Credit: Wizards of the Coast
Credit: Wizards of the Coast

Dennick, Pious Apprentice / Dennick, Pious Apparition

BPhilipYork: The disturb ability here is really really strong, and UW for a 2/3 with lifelink and a decent stax ability is very playable in my opinion. The downside of course is you can only get 1 Clue per turn, or else this card would be really really out of control, disturbing into a wrath would be enormous. Even so I think in Azorius decks this could see play.

FromTheShire: Both sides are valuable, but you really want the apparition. I would like to give this a shot in Esper control or mill/ self mill decks for sure.

 

Credit: Wizards of the Coast

Hallowed Respite

BPhilipYork: This is moderately playable in certain deck types, you can flicker a Peregrine Drake or an Agent of Treachery so it slots nicely into Brago, King Eternal decks and Yorion decks, but aside from that, its speed is too slow and so it can’t be used for utility purposes to protect your creatures.

FromTheShire: I think this is kind of tough in commander unless you’re using it as part of a combo on your turn. If the tap out Esper control deck I have been hearing rumblings about actually materializes in Standard I could absolutely see this being a useful tool in a meta with tons of disturbed and transformed creatures.

 

Credit: Wizards of the Coast

Teferi, Who Slows the Sunset

BPhilipYork: Honestly for a Teferi this card is so tame. Useful as a component in going off with Chain Veil decks, or any deck where you really really want to untap a powerful artifact, something like Magistrate’s Scepter. Other than that I don’t see this standing out enough to try to protect it in a 4 player game.

FromTheShire: Another possible Standard powerhouse, people have already noticed that this gains infinite life with Lithoform Engine, a mana dork, and any land, and makes infinite mana as well if the dork taps for more than 1. If you’re so inclined you can definitely pull off the same kinds of shenanigans in a Superfriends deck.

 

Credit: Wizards of the Coast

Bladestitched Skaab

BPhilipYork: Mediocre for Zombie tribal at best, and boring even so.

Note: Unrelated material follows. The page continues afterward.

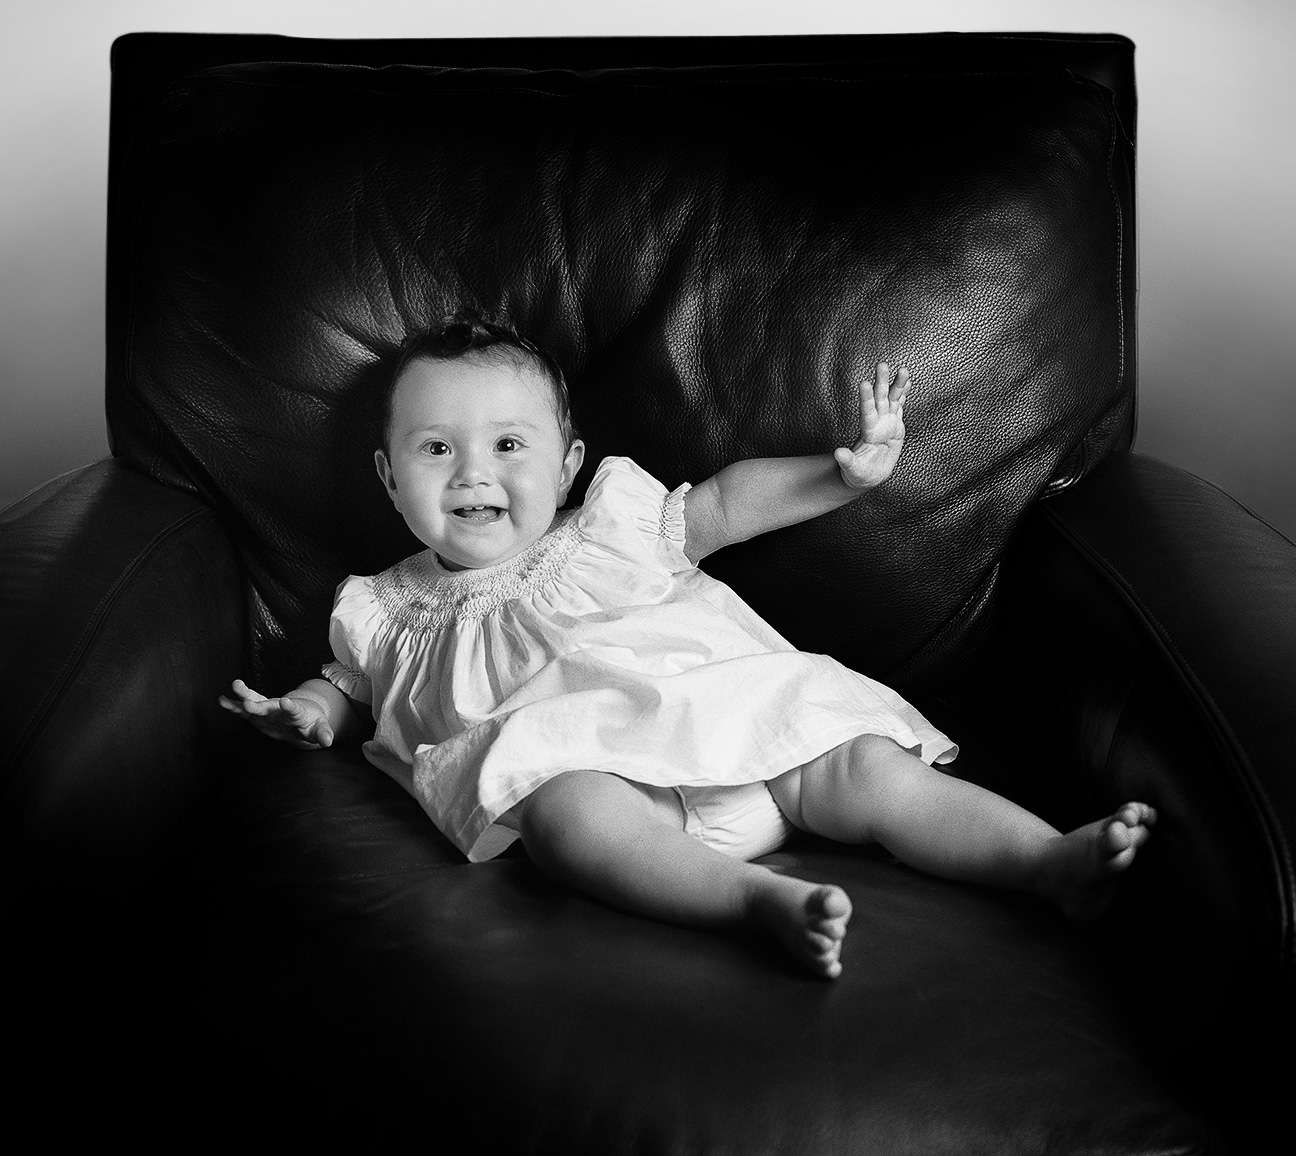 Baby Bella, private commission. : Portraits : New York City based photographer and video specializing in portrait corporate portraits, video, editorial stories for on location and architectural photography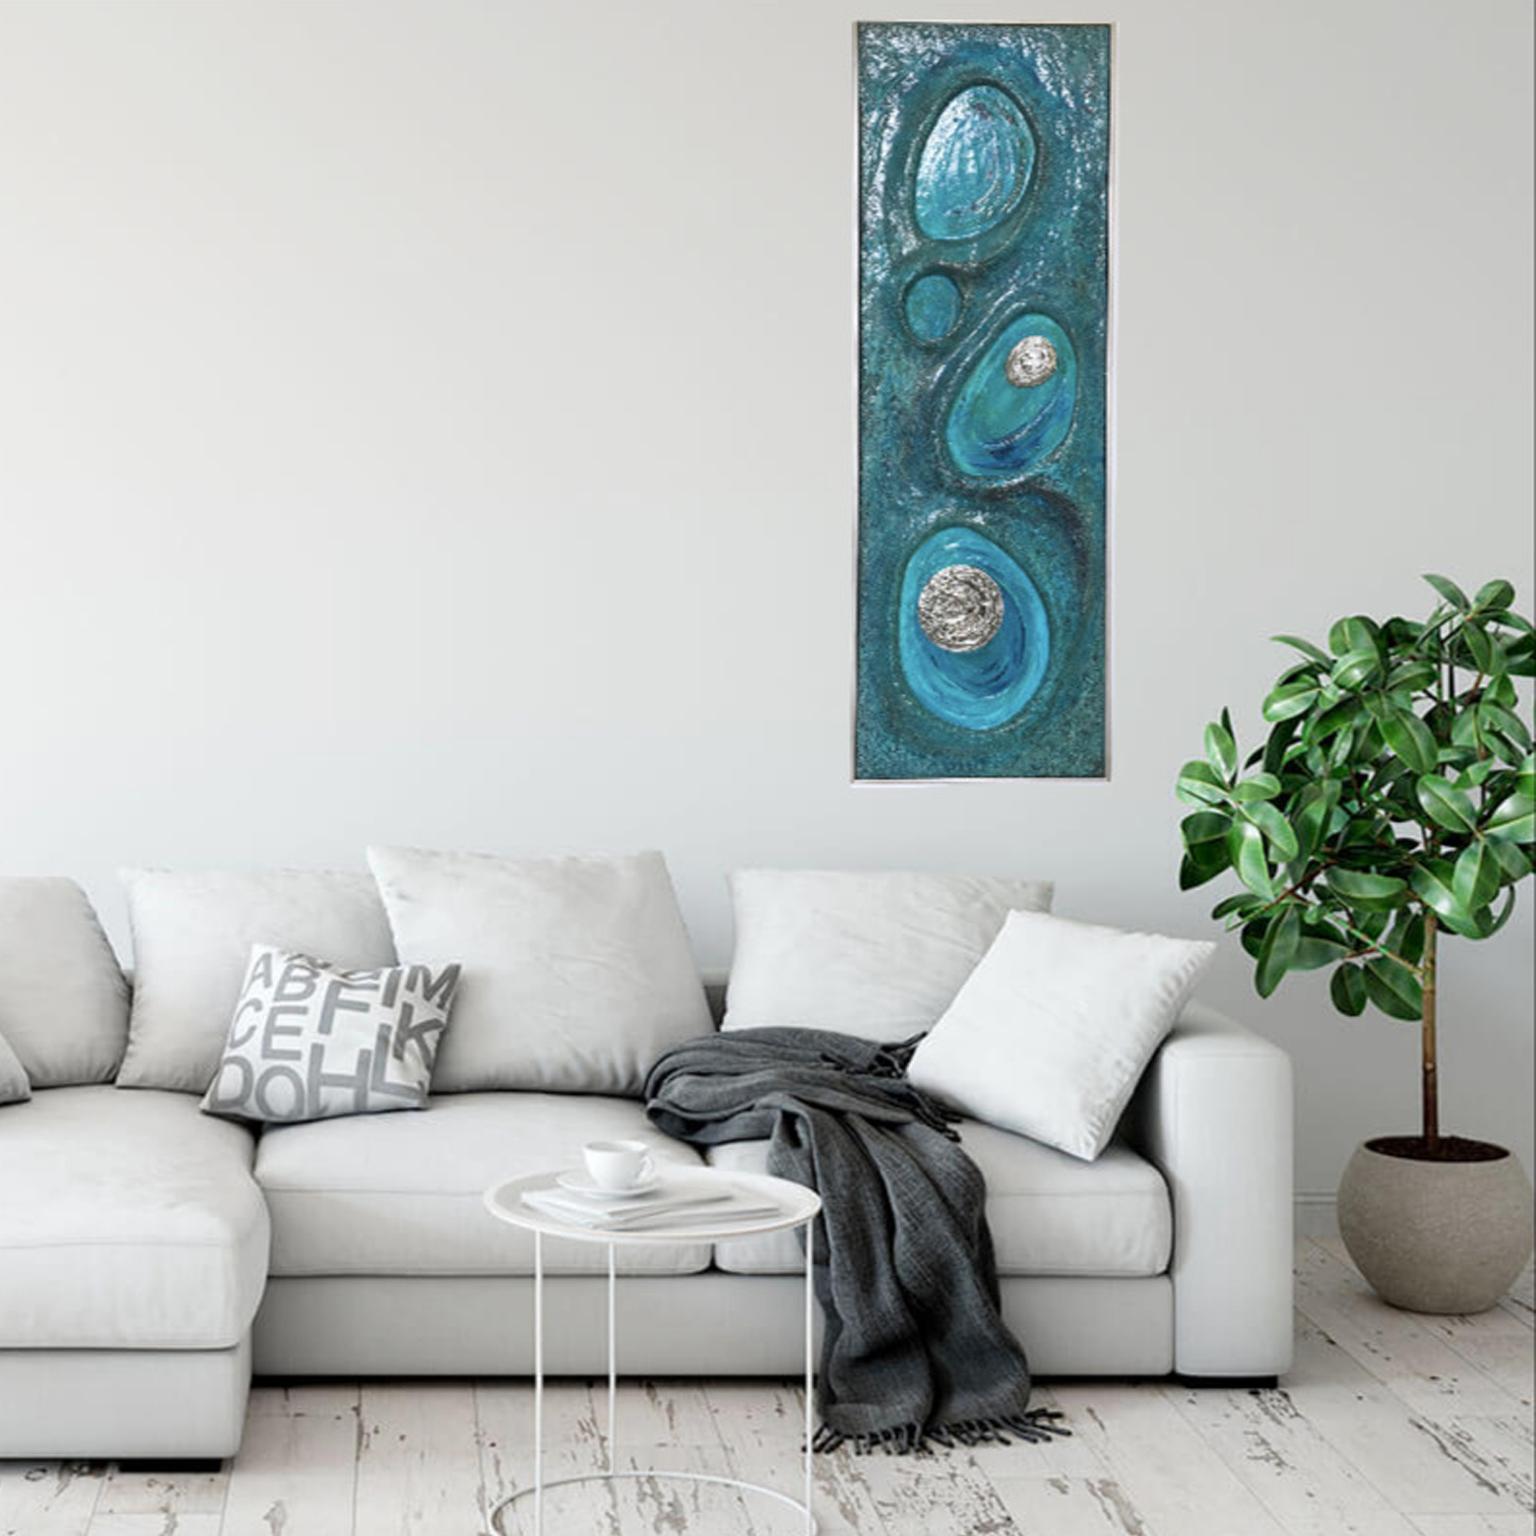 Psychedelic Turquoise Acrylic Resin Art Wall Sculpture Panel by Lorraine Stelzer For Sale 11

FromTheShire: There’s a Dimir Zombies deck already putting up results in Standard with this in the main, and getting the half of the lord effect you really care about on a 2 drop isn’t bad in commander either.

 

Credit: Wizards of the Coast
Credit: Wizards of the Coast

Ludevic, Necrogenius / Olag, Ludevic’s Hubris

BPhilipYork: Offhand what occurs to me is Sage of Hours and using this to take a bunch of turns by exiling a lot of creatures from your graveyard. In theory this could be your commander and you could use it to pump him and make him unblockable, but I find this Ludevic kind of unimpressive.

FromTheShire: This is an excellent callback, but nothing exciting in EDH.

 

Credit: Wizards of the Coast

Siphon Insight

BPhilipYork: This is a really powerful card, you can use it to nab a win con off the top of someone’s library that has tutored it there, you can play it rather than cast it so it will let you grab a land, and it has flashback, so you can easily pitch it to a draw/discard spell just to save flashback against a tutor.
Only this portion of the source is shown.